The original Lambek calculus \(\mathsf {L}\) is associative. In some cases, however, associativity leads to over-generation, i.e., validation of grammatically incorrect sentences. Lambek himself realized this and proposed the non-associative calculus \(\mathsf {NL}\) in [30]. We will illustrate this issue with the example given in [38, Sect. 4.2.2]. The syntactic category assignment is as follows (where n stands for “noun”):

figure l

With this assignment, sentences “The Hulk is green” and “The Hulk is incredible” are correctly marked as valid, by deriving the sequent

$$ (np \leftarrow n, n), ((np \rightarrow s) \leftarrow (n \leftarrow n), n \leftarrow n) \Rightarrow s $$

However, in the associative setting the sequent for the phrase “The Hulk is green incredible,” which is grammatically incorrect, also becomes derivable:

$$ np \leftarrow n, n, (np \rightarrow s) \leftarrow (n \leftarrow n), n \leftarrow n, n \leftarrow n \Rightarrow s, $$

essentially due to derivability of \(n \leftarrow n, n \leftarrow n \Rightarrow n \leftarrow n\).

In other situations, however, associativity is useful. Standard examples include handling of dependent clauses, e.g., “the girl whom John loves,” which is validated as a noun phrase by the following derivable sequent:

$$ np \leftarrow n, n, (n \rightarrow n) \leftarrow (s \leftarrow np), np, (np \rightarrow s) \leftarrow np \Rightarrow np $$

Here \((n \rightarrow n) \leftarrow (s \leftarrow np)\) is the syntactic category for who.

Our subexponential extension of \(\mathsf {NL}\), however, handles this case using local associativity instead of the global one.
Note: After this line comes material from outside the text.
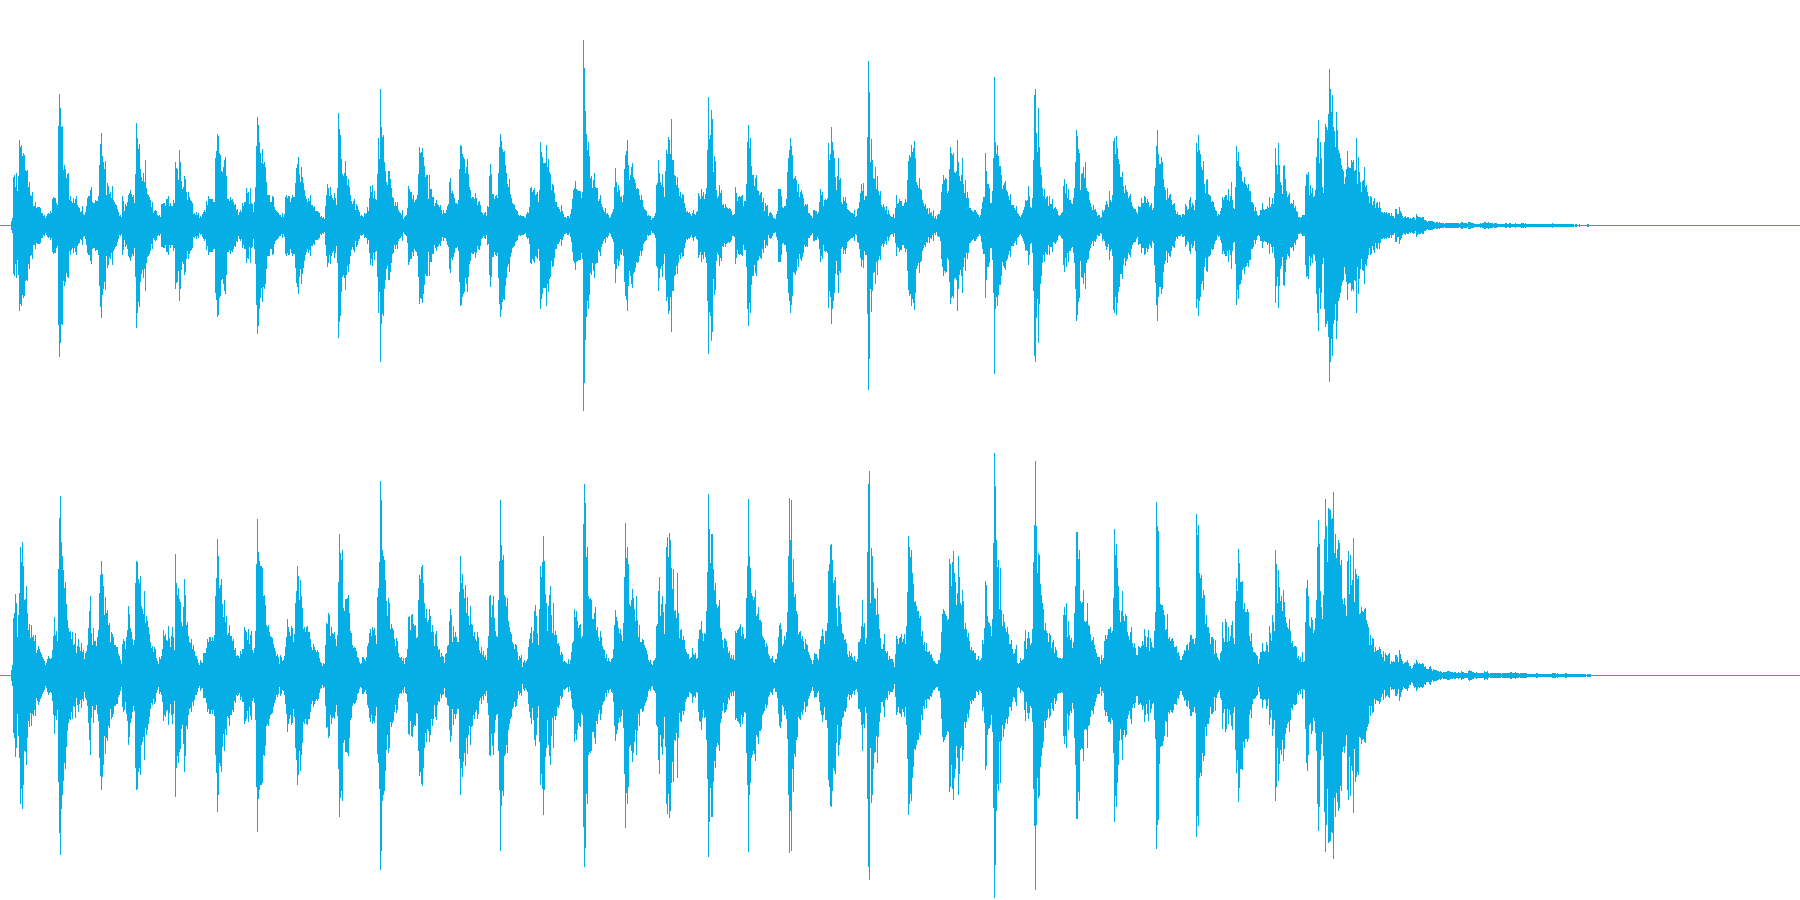 Xmasに最適トナカイベルのループ音06の再生済みの波形

Namely, the category for whom now becomes \((n \rightarrow n) \leftarrow (s \leftarrow {!}^a np)\), where \({!}^a\) is a subexponential which allows the \(\mathsf {A2}\) rule, and the following sequent is happily derivable:

$$ np \leftarrow n, (n, ((n \rightarrow n) \leftarrow (s \leftarrow {!}^a np), (np, (np \rightarrow s) \leftarrow np))) \Rightarrow np $$

The necessity of this more fine-grained control of associativity, instead of a global associativity rule, is seen via a combination of these examples. Namely, we talk about sentences like “The superhero whom Hawkeye killed was incredible” and “... was green”. With \({!}^a\), each of them is handled in the same way as the previous examples:

$$\begin{aligned}&(np \leftarrow n, (n, ((n \rightarrow n) \leftarrow (s \leftarrow {!}^a np), (np, (np \rightarrow s) \leftarrow np)))), \\&\qquad \qquad \qquad \qquad \qquad \qquad \qquad \qquad \qquad \quad \,\,\,\, ((np \rightarrow s) \leftarrow (n \leftarrow n), n \leftarrow n) \Rightarrow s. \end{aligned}$$

On one hand, without \({!}^a\) this sequent cannot be derived in the non-associative system. On the other hand, if we make the system globally associative, it would validate incorrect sentences like “The superhero whom Hawkeye killed was green incredible.”

3 Some Undecidability Results

Non-associativity makes a significant difference in decidability and complexity matters. For example, while \(\mathsf {L}\) is NP-complete [47], \(\mathsf {NL}\) is decidable in polynomial time [1, 14].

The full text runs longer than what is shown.